For the crypto companies in the eye of the debanking storm, the Congressional spotlight offers a chance to air long-simmering grievances and potentially shake loose the banking logjam that has stymied their growth and mainstreaming ambitions. Stable banking relationships are considered crucial infrastructure for an industry seeking wider adoption.

  • Coinbase CEO Brian Armstrong has been an outspoken critic of “backdoor” crypto crackdowns via the banking system
  • Uniswap founder Hayden Adams tweeted appreciation for Sen. Scott’s “leadership” in confronting denial of services

How far the pendulum swings may depend on the findings and recommendations that emerge from the investigations. Uncovering clear evidence of coordinated debanking pressure campaigns could build momentum for Congressional action to prohibit such practices.

Short of legislation, strongly worded reports and hearings that put regulators on the defensive could still yield a chilling effect on the more aggressive debanking tactics alleged by industry players and their allies. At minimum, the industry is poised for a more receptive audience and sympathetic treatment under the new Republican leadership of key committees.

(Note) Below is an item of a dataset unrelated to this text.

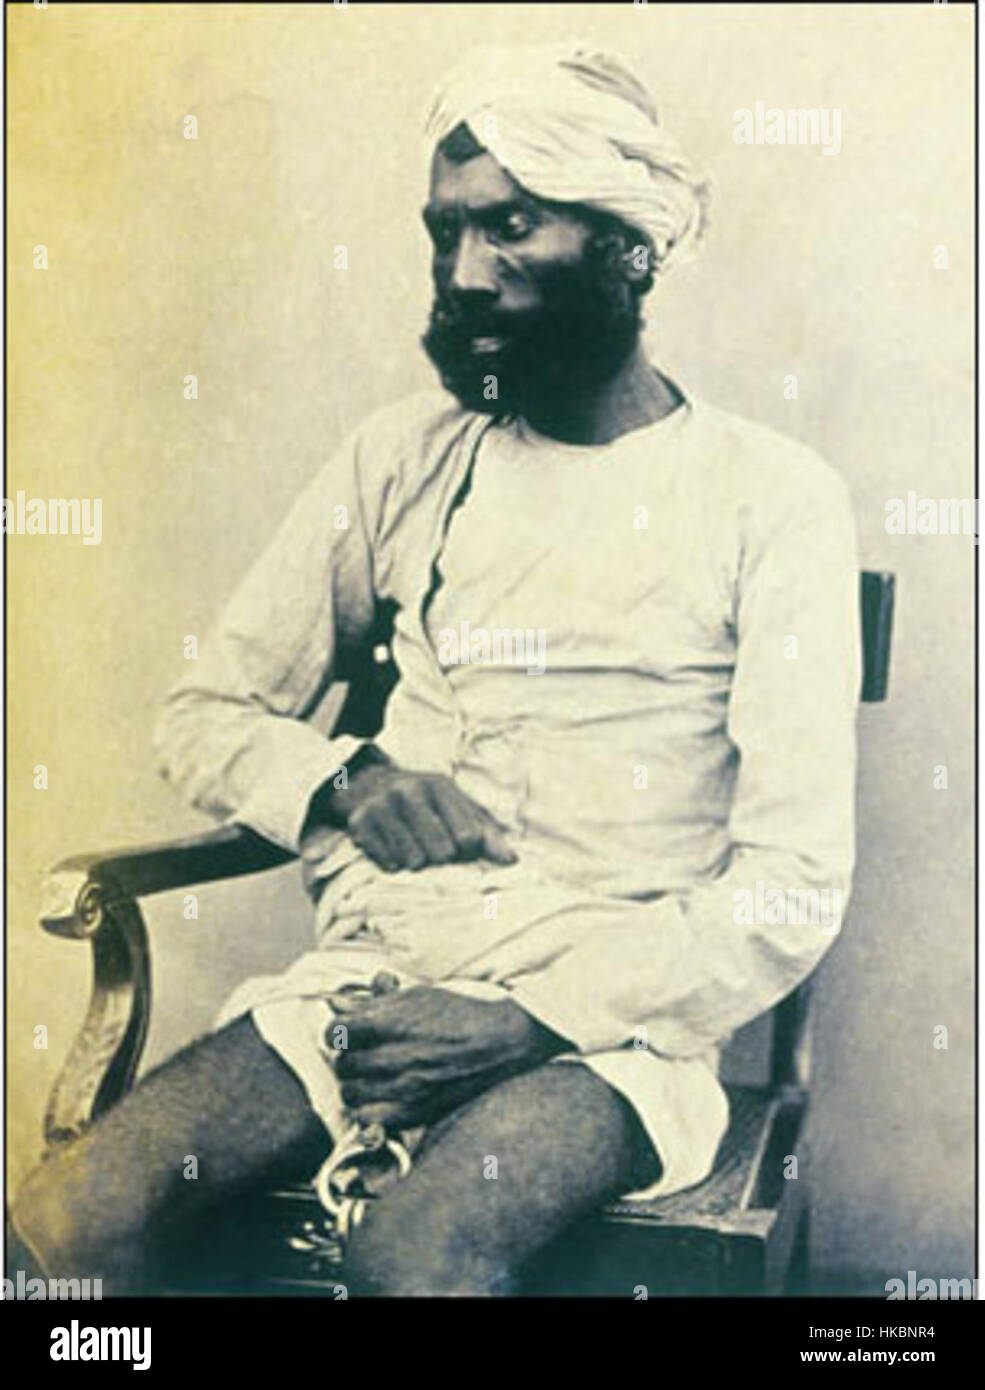 A hand written caption identifies the man as Gungoo Mehter who was tried at Kanpur for killing many of the Sati Chaura survivors, including many women and children. He was convicted and hanged at Kanpur on 8 September 1859. Stock Photo

The long-term impact of the debanking probes will play out against the backdrop of the wider crypto regulatory landscape, including battles over the SEC’s jurisdiction, stablecoin oversight, and the fallout from a spate of high-profile industry implosions. But with the banking access fight now a marquee event, the industry has gained a powerful hand in D.C. – and a chance to start swinging the momentum in its favor.